### DATA TO PROCESS:
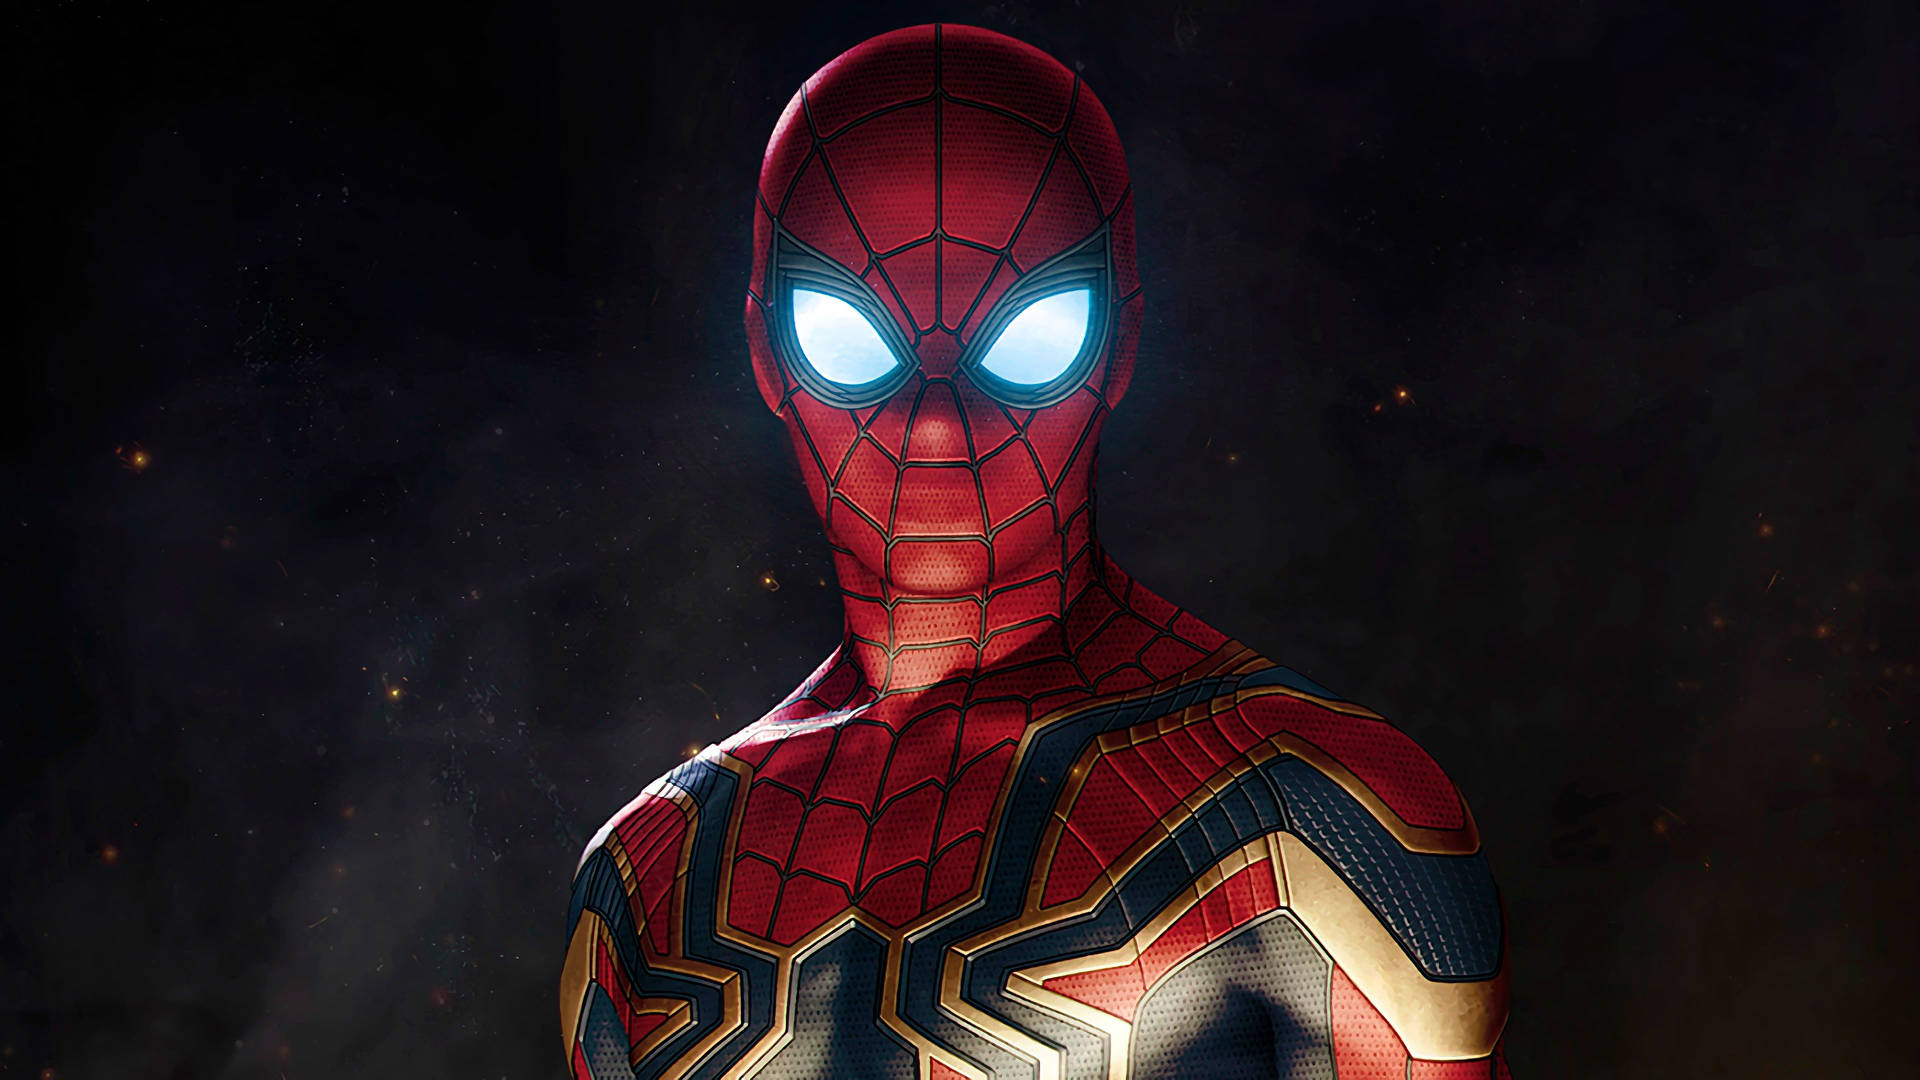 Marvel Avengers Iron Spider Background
--
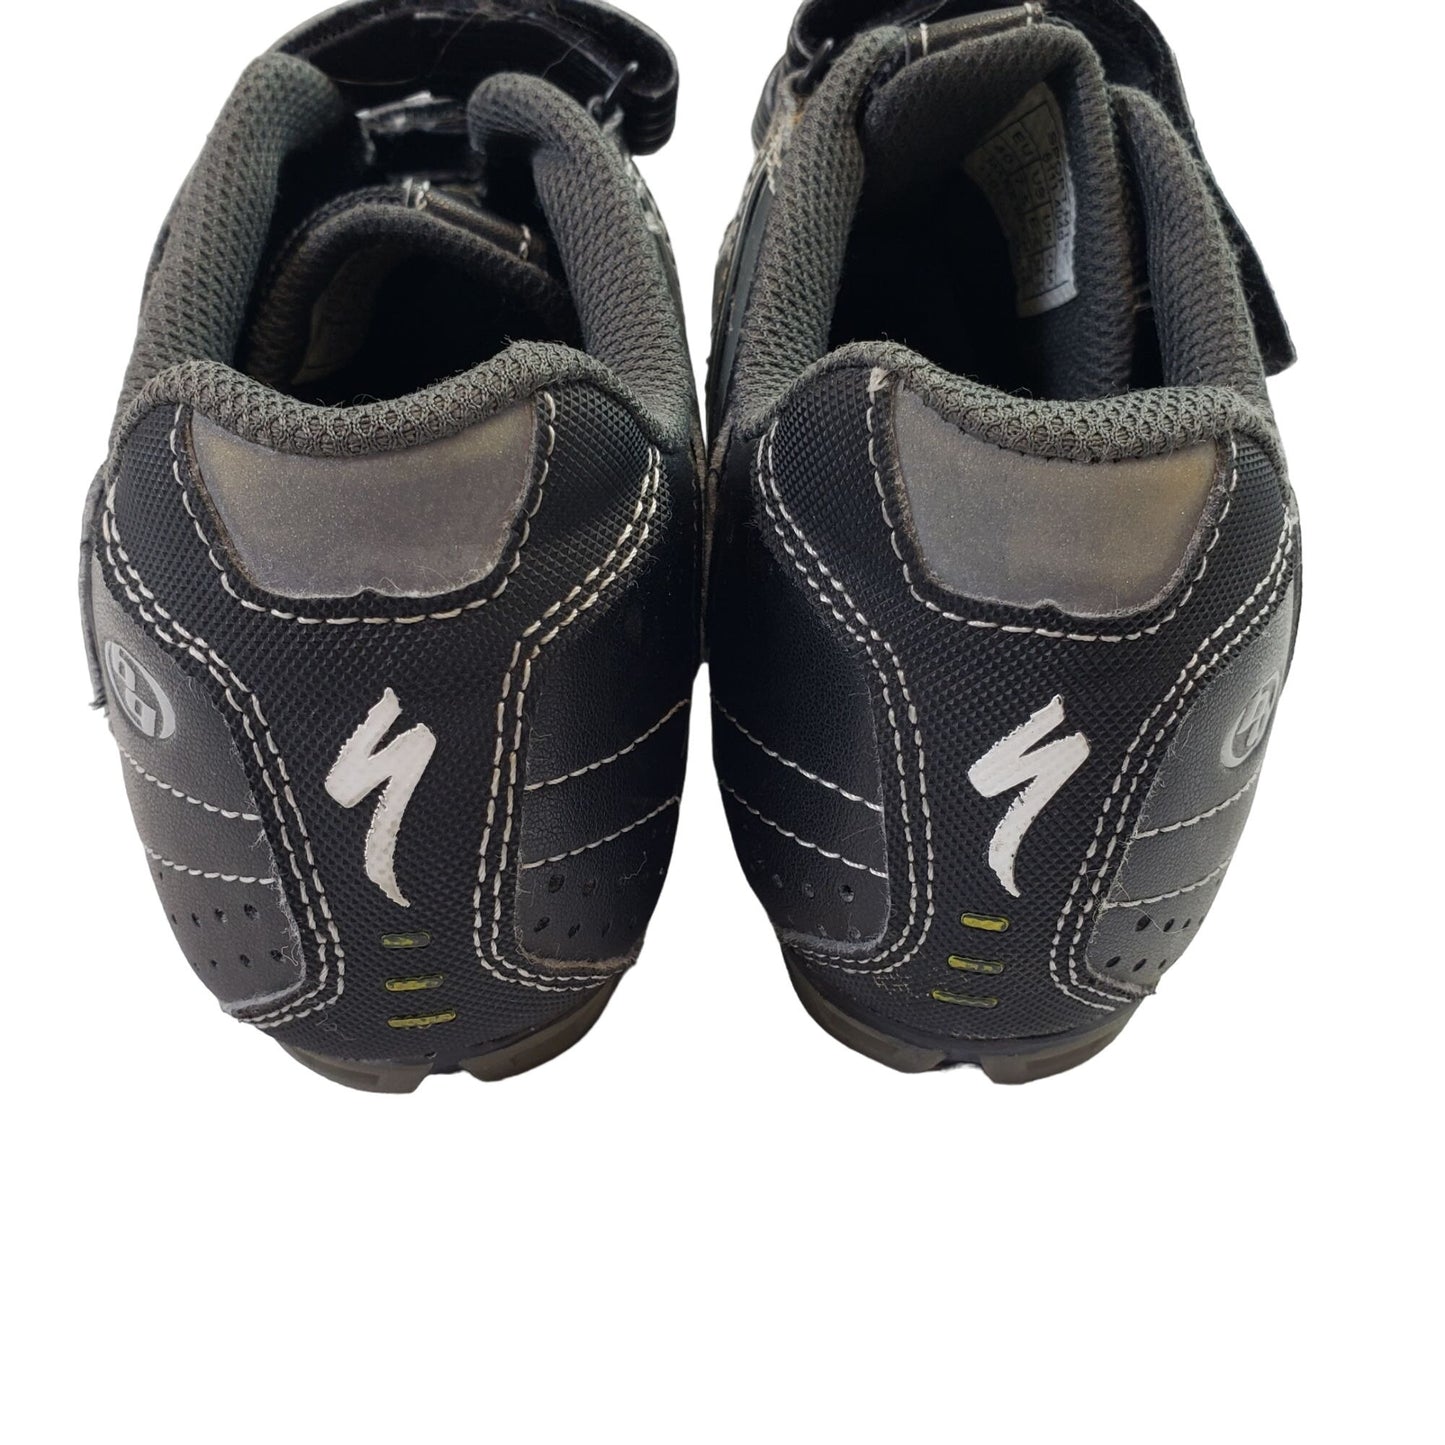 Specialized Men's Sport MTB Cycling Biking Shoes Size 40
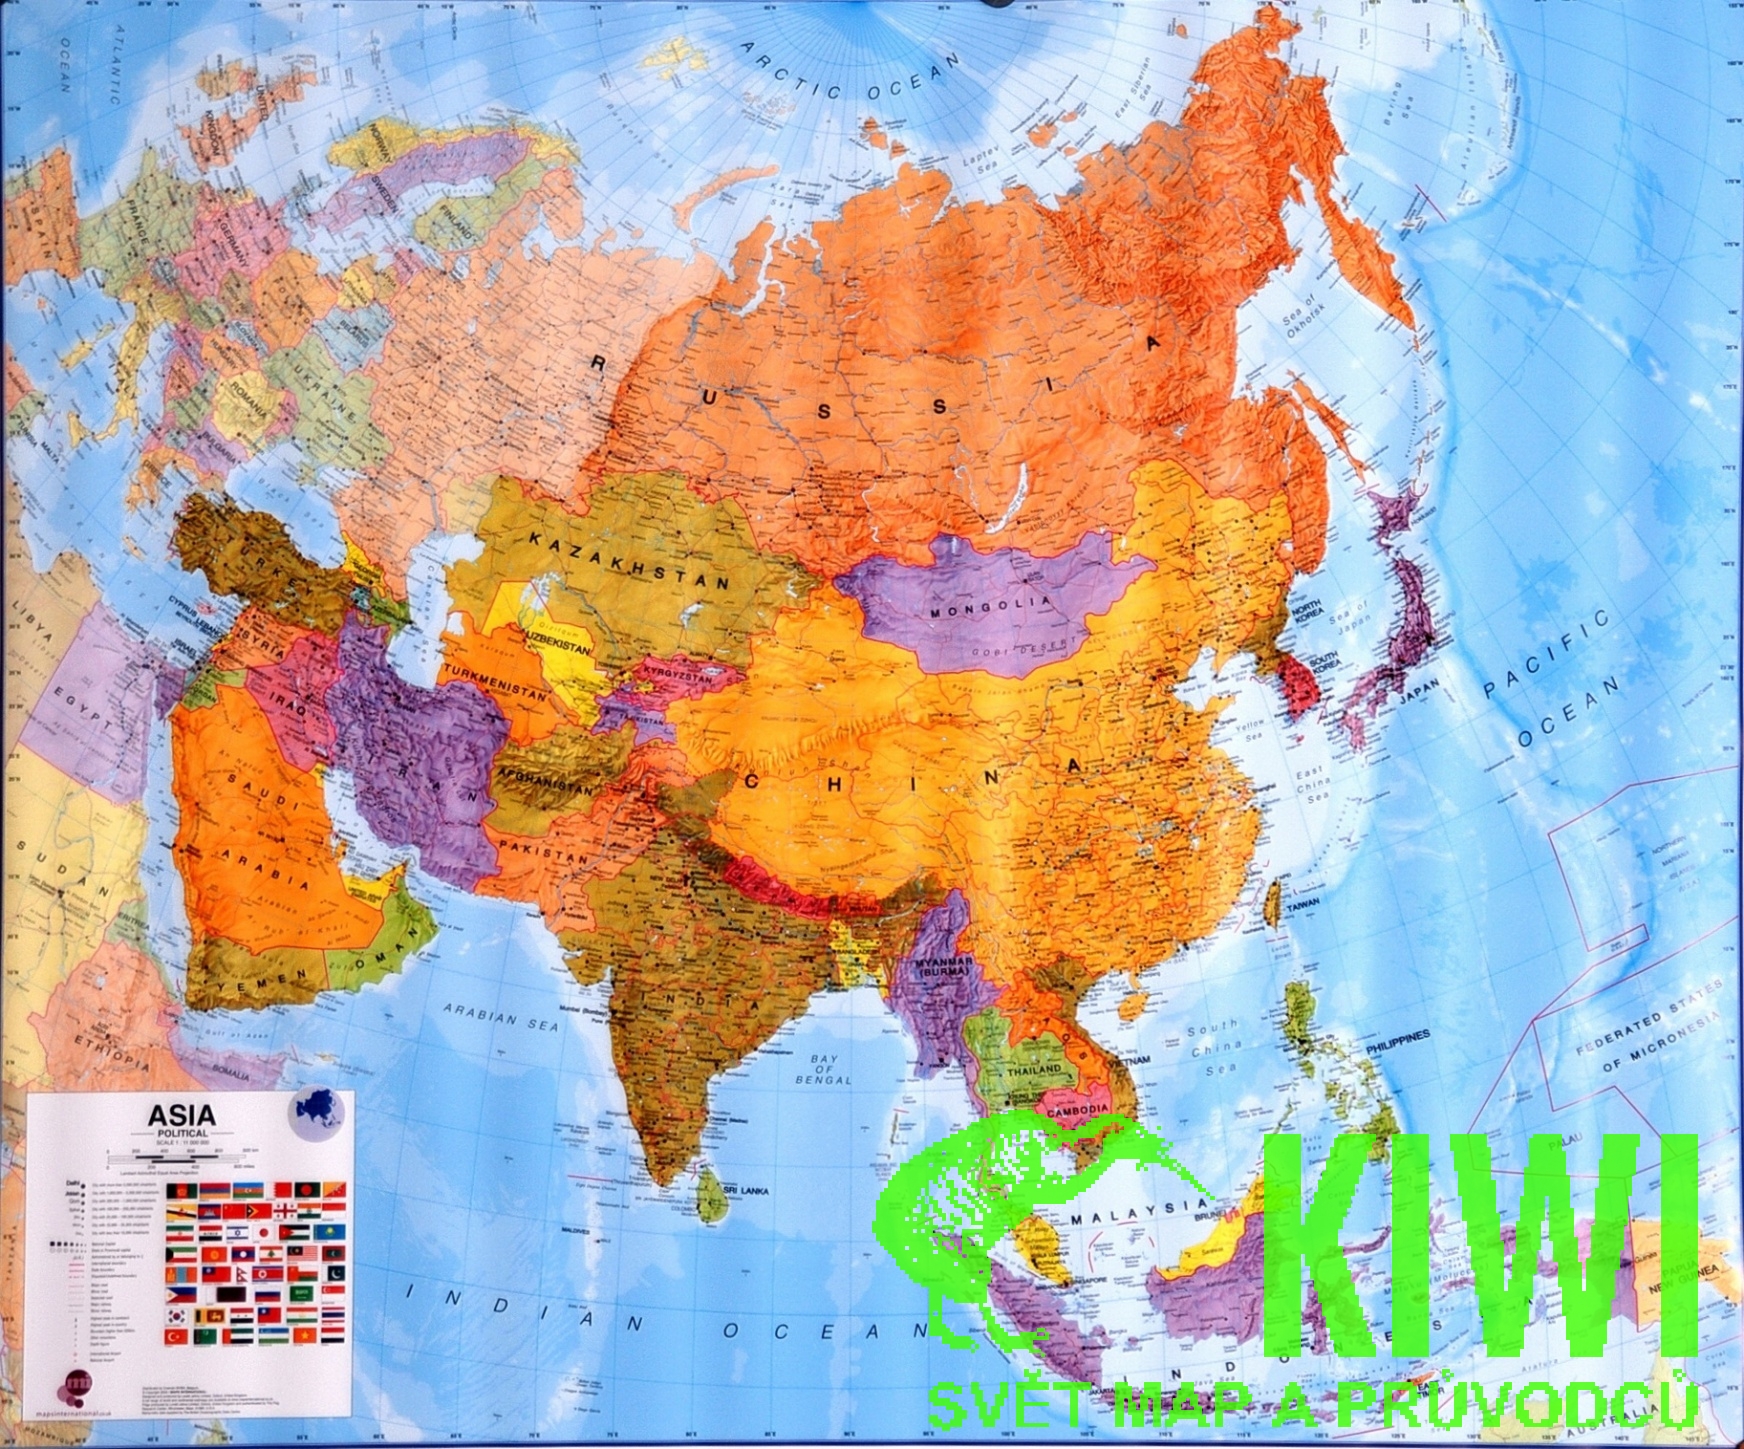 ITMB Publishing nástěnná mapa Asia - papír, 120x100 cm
* * *
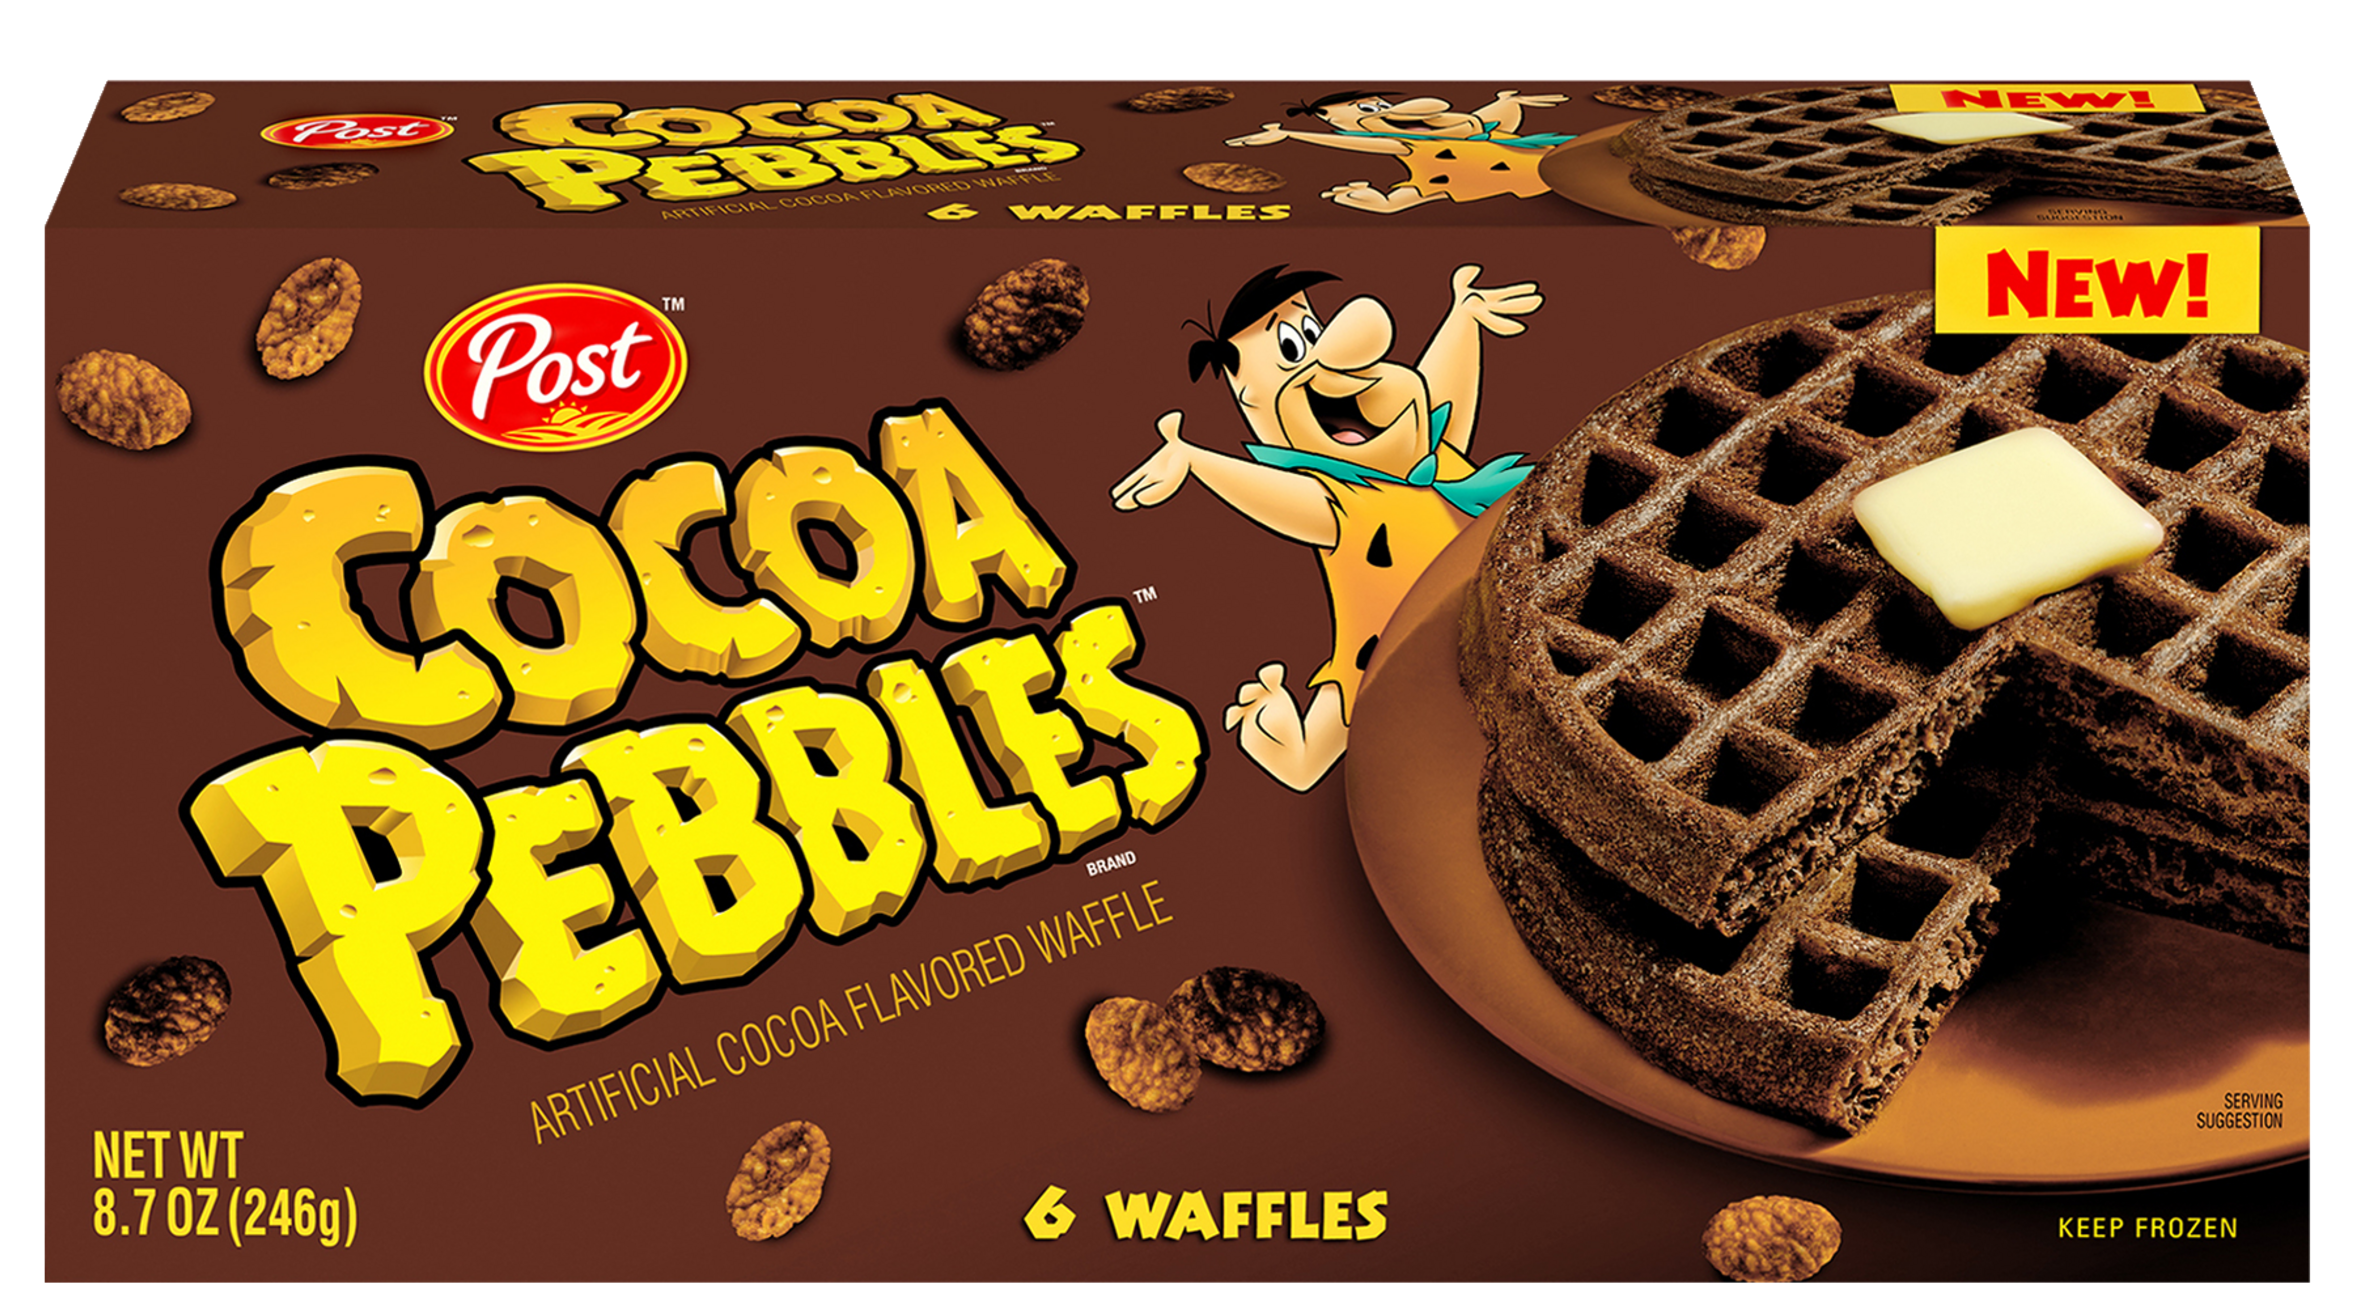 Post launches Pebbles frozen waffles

### EXERCISE DIRECTIONS:
Pictures aside, print exactly the lines above starting with the one containing "Specialized Men's Sport" and going on through the one containing "ITMB Publishing nástěnná".

### WRITTEN RESPONSE:
 Specialized Men's Sport MTB Cycling Biking Shoes Size 40
 ITMB Publishing nástěnná mapa Asia - papír, 120x100 cm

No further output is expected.